* **What the exercise asks**: Produce a word-for-word copy of the lines from the one that contains "The 104th running" to the final line of the data below, with all pictures dropped.

*** Opening Source data ***

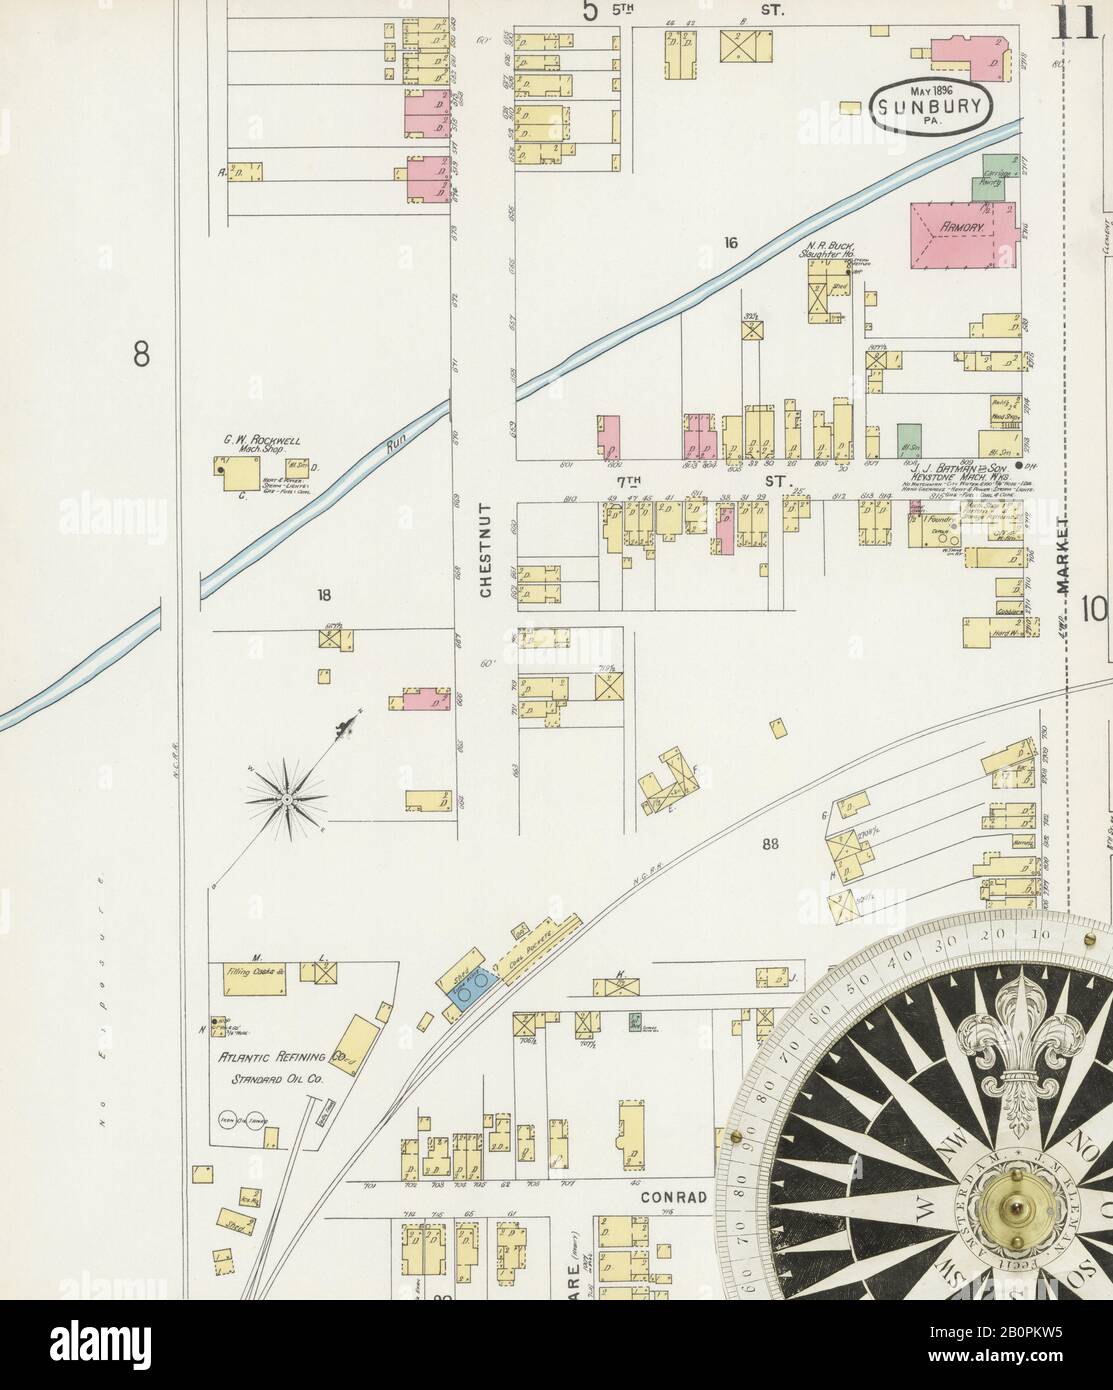 Image 11 of Sanborn Fire Insurance Map from Sunbury, Northumberland County, Pennsylvania. May 1896. 11 Sheet(s), America, street map with a Nineteenth Century compass Stock Photo
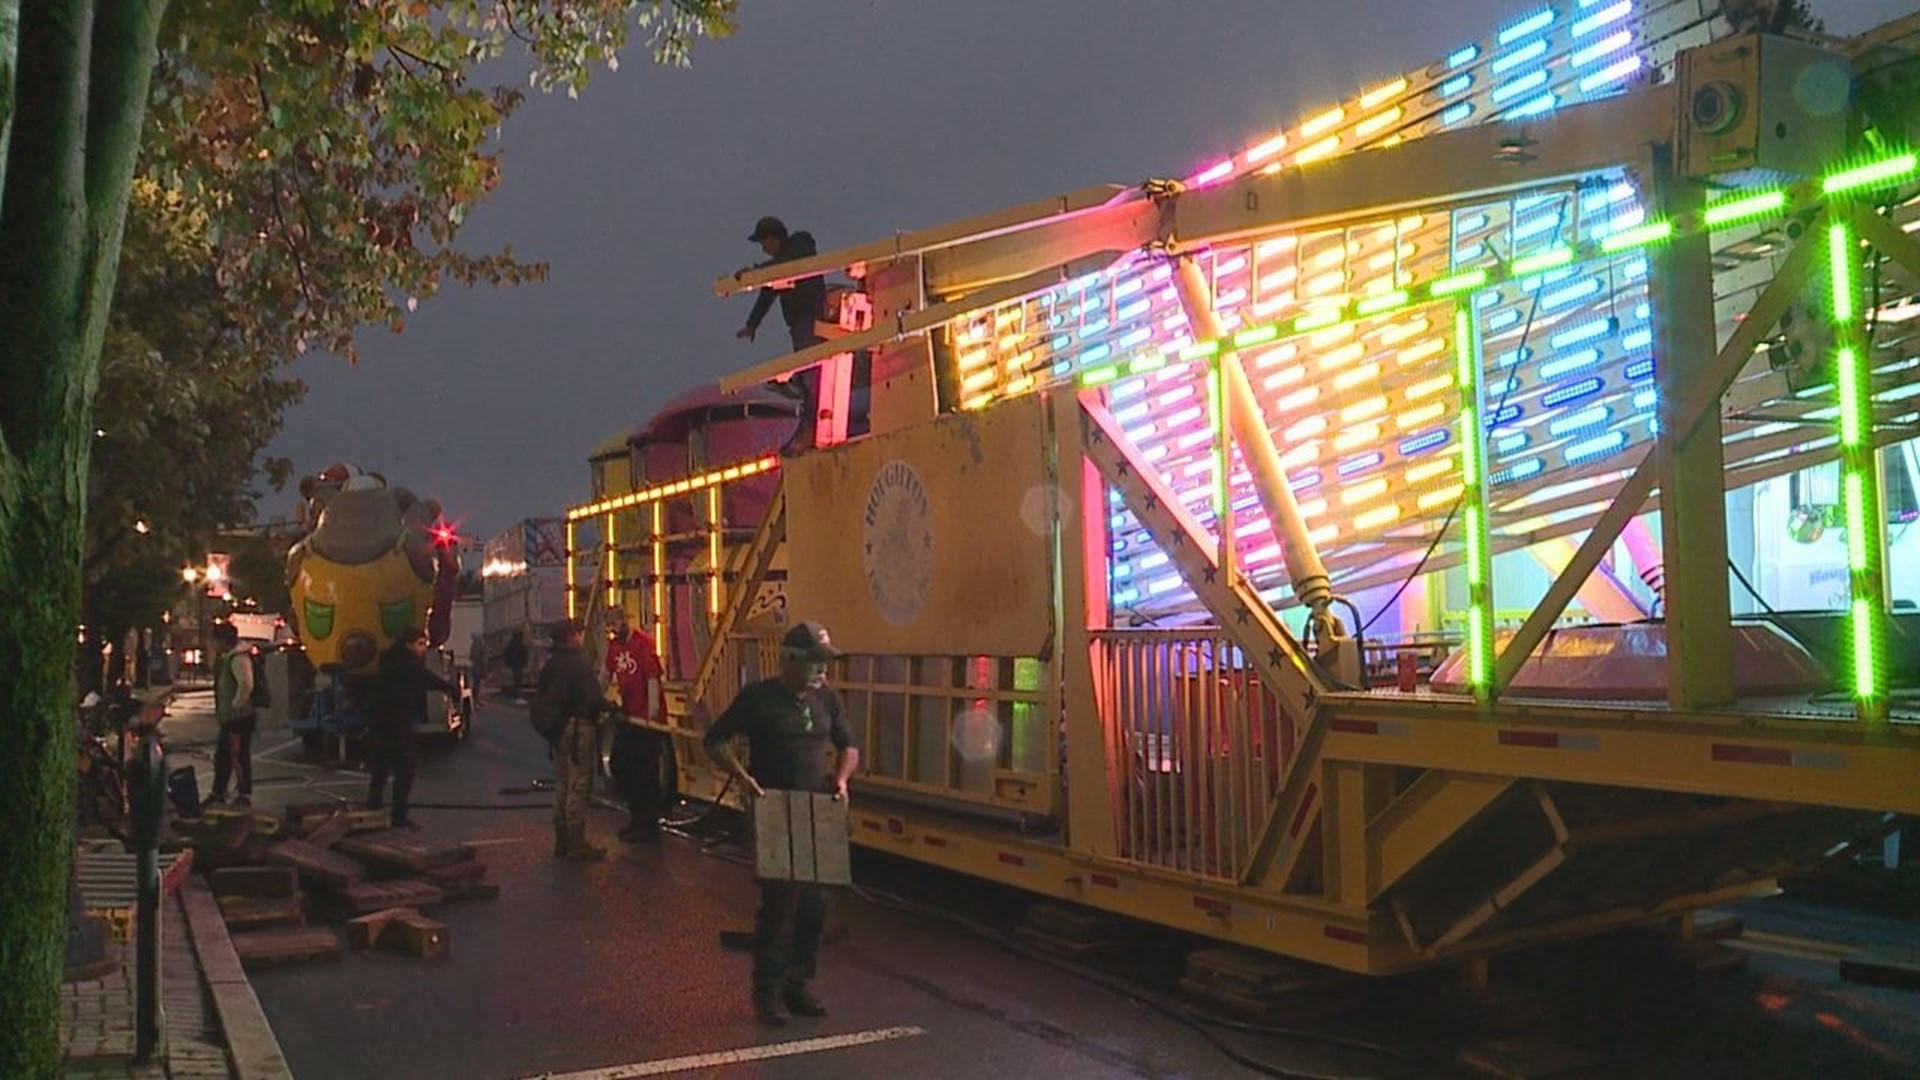 The 104th running of 'Pennsylvania's largest street fair' kicks off Tuesday despite the upcoming week of wet weather.
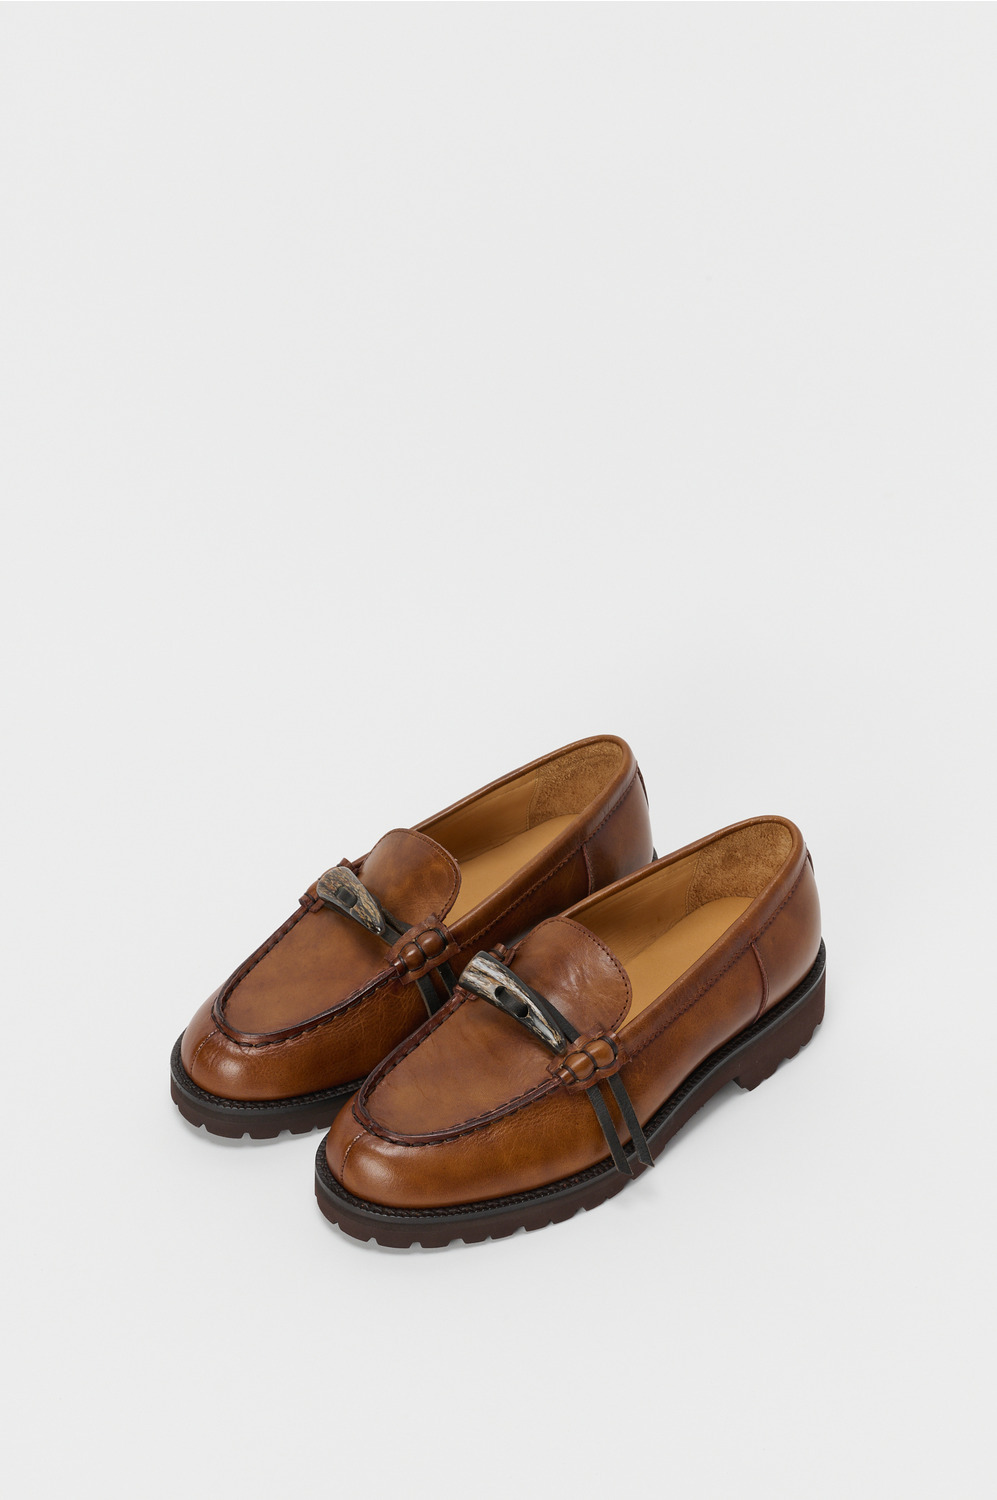 horn loafer smooth 詳細画像 brown 1

*** Closing Source data ***

* **Task solution**:
 The 104th running of 'Pennsylvania's largest street fair' kicks off Tuesday despite the upcoming week of wet weather.
 horn loafer smooth 詳細画像 brown 1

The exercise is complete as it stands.